● **Exercise directions**
Leave the pictures out. Return all other data exactly.

● **Data provided**
# # # # #
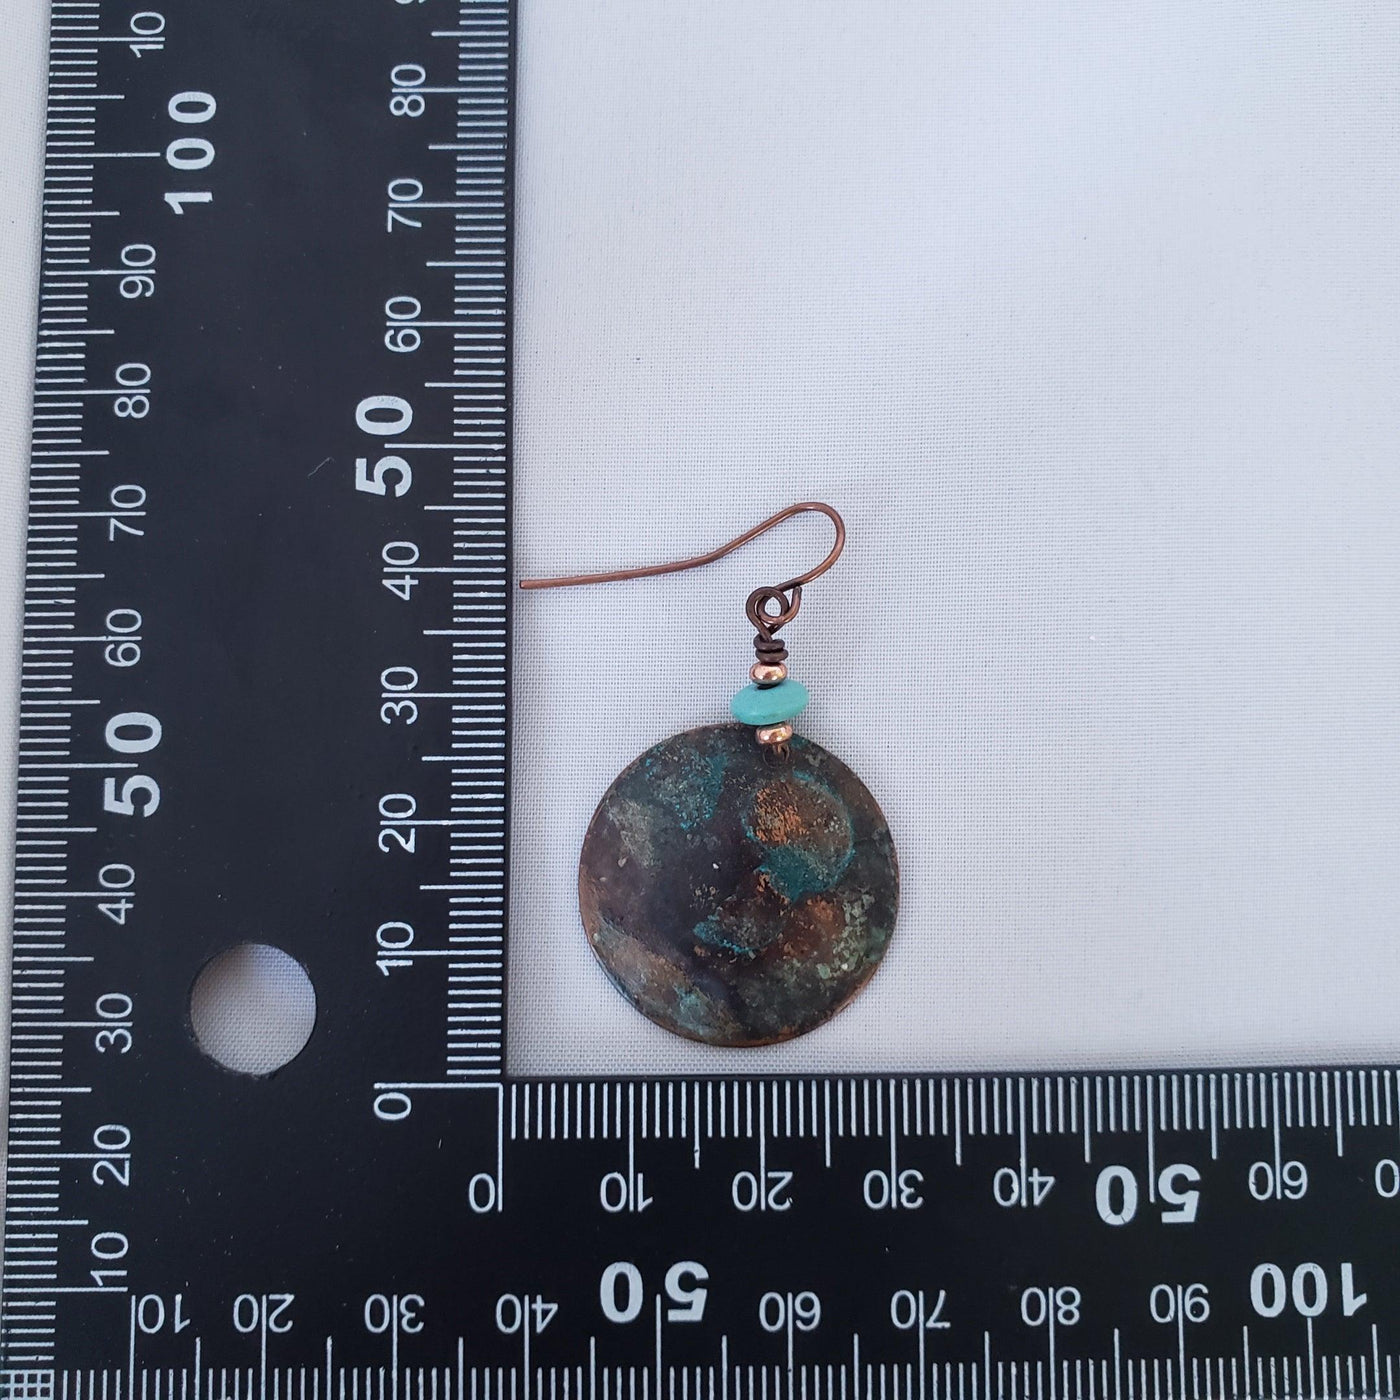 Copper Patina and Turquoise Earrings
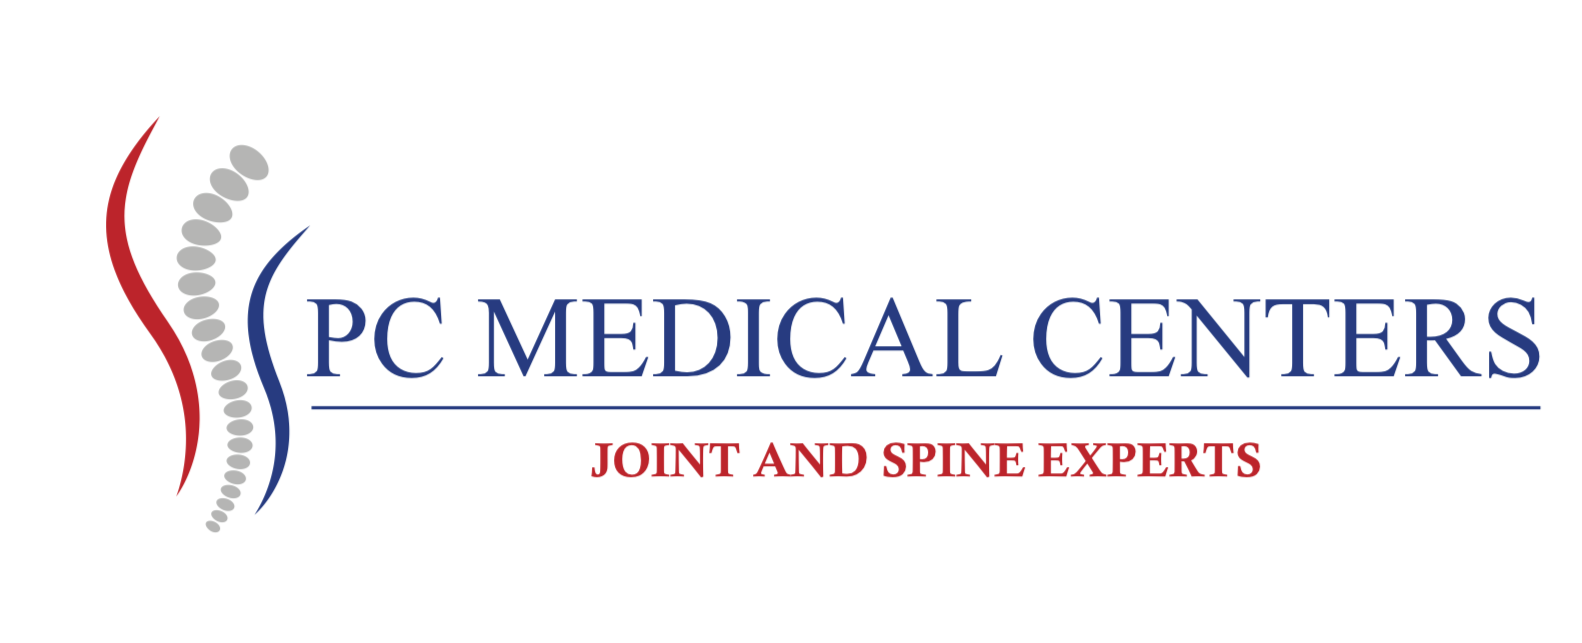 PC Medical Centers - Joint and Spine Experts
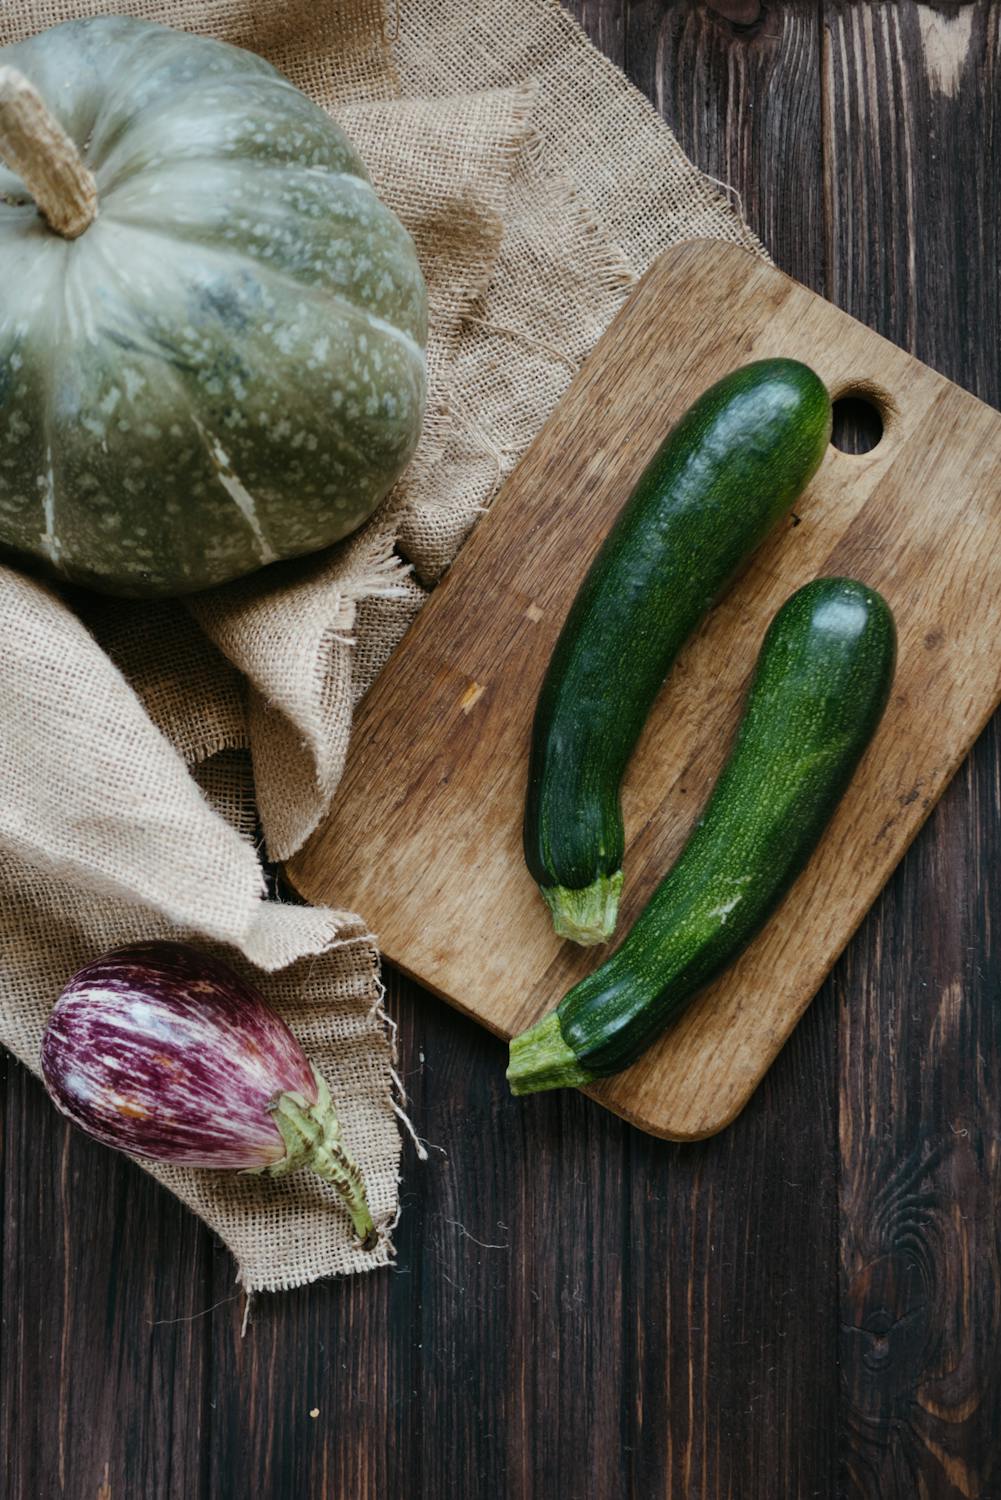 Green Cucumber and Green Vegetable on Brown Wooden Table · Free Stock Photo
# # # # #
● **Answer to this problem**
 Copper Patina and Turquoise Earrings
 PC Medical Centers - Joint and Spine Experts
 Green Cucumber and Green Vegetable on Brown Wooden Table · Free Stock Photo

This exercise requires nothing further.